The Frankish colonisation (Fränkische Landnahme) refers to the colonisation of regions in present-day Germany (mainly in the Rhine-Main-Danube region) by the Franks from the 5th to the 8th centuries. It marked the end of the Migration Period in this region, because it resulted in the establishment of largely stable political and social systems.
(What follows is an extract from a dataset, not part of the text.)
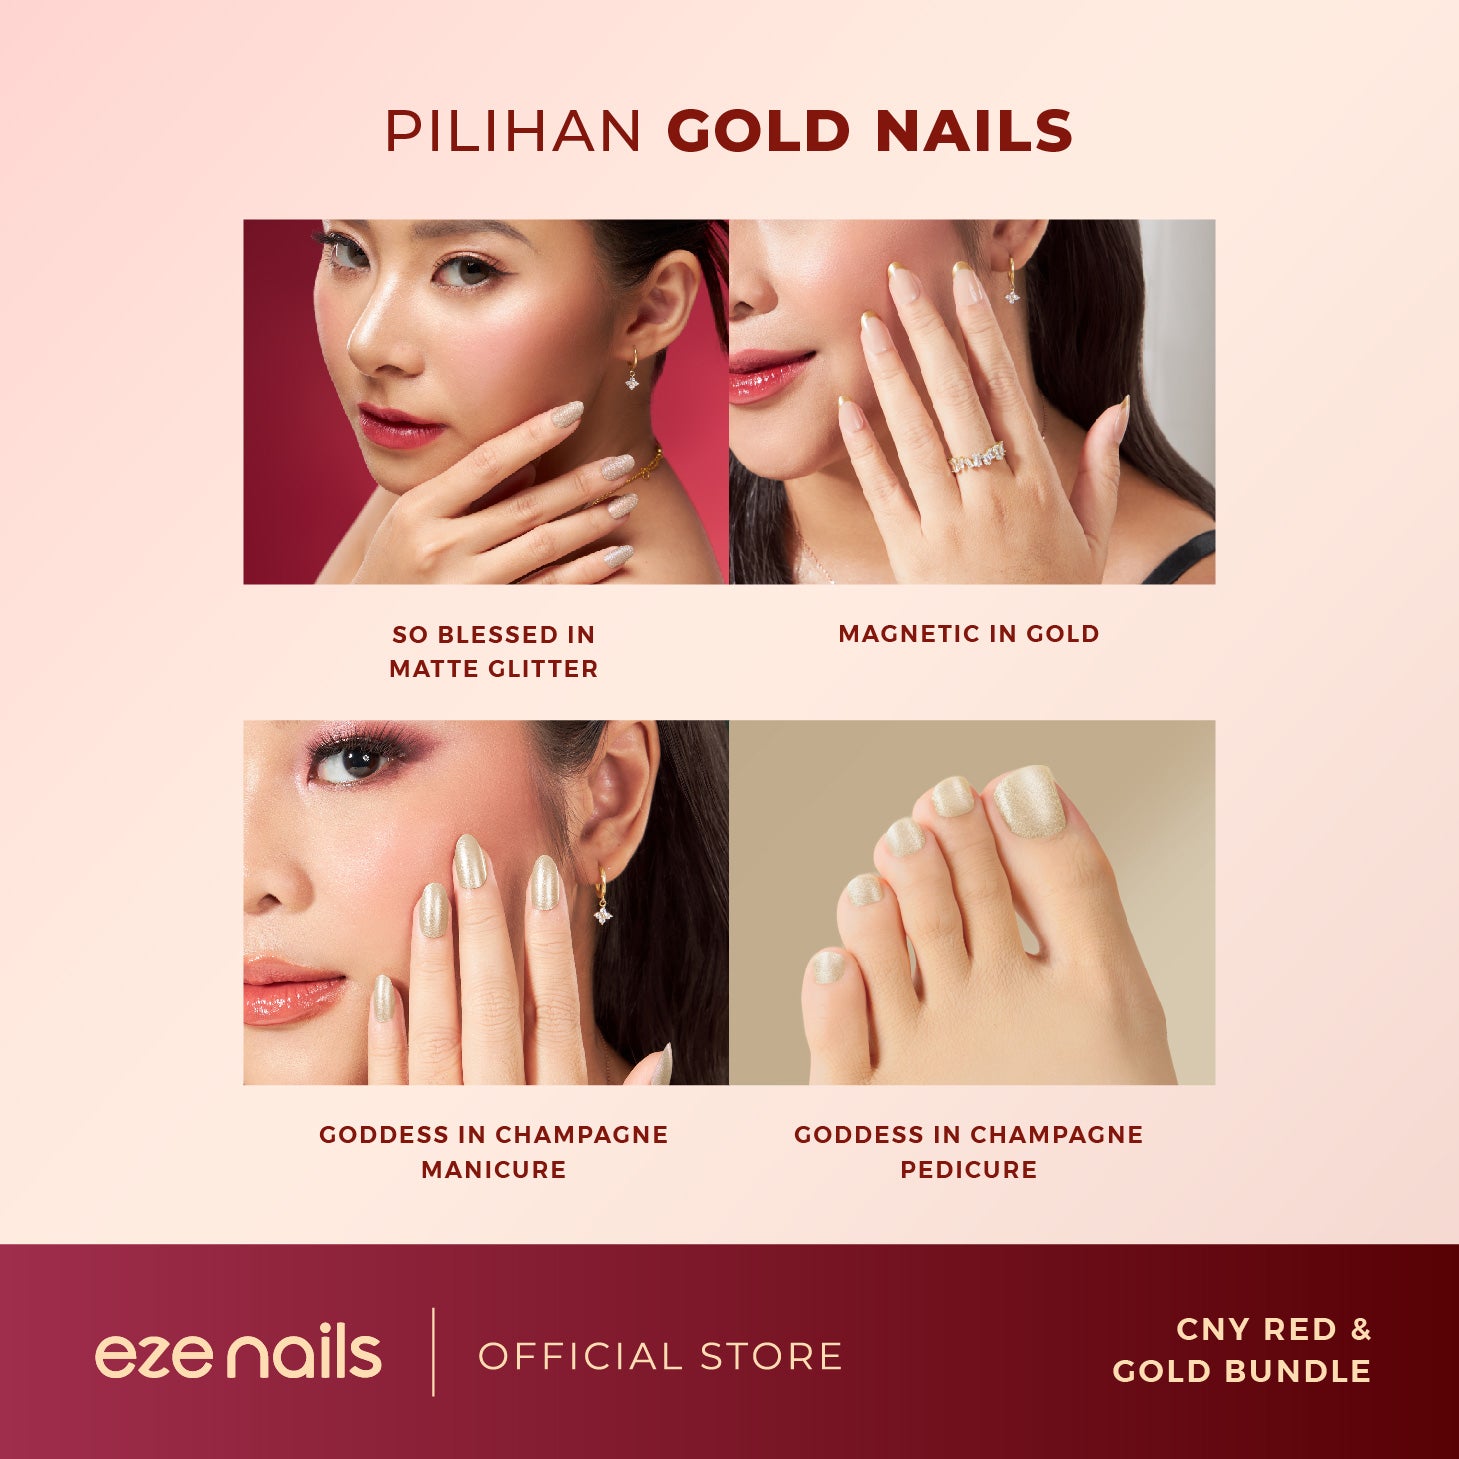 CNY SPECIAL RED & GOLD NAILS BUNDLE: BUY 2 GET 3 (2 Red/Gold Spot On Nails + FREE  1 Glam Nails)

The beginning of this colonisation and associated land appropriation came as the Merovingian king, Clovis I, defeated the Alemanni around 496 A. D. at the Battle of Zülpich.

Linked to this colonisation was an extension of Frankish rule towards the east; Francia was now divided into Neustria (part of West Francia, an area largely coextensive with present-day France), Austrasia (part of East Francia, largely coextensive with present-day Germany, initially without Saxony and Bavaria/Austria, yet including Alsace-Lorraine) and Burgundy, which, however, constantly strove to preserve its independence.

Characteristic of Frankish colonisation are the row graves and certain suffixes associated with the founding of many settlements. These include -heim, -hausen/-husen, -rod, -ingen and -weiler/-wiler. After 780 A. D. no new villages are founded with these suffixes, nor is there any evidence of later row graves. It is assumed therefore that burials now took place at the churches of the local settlement.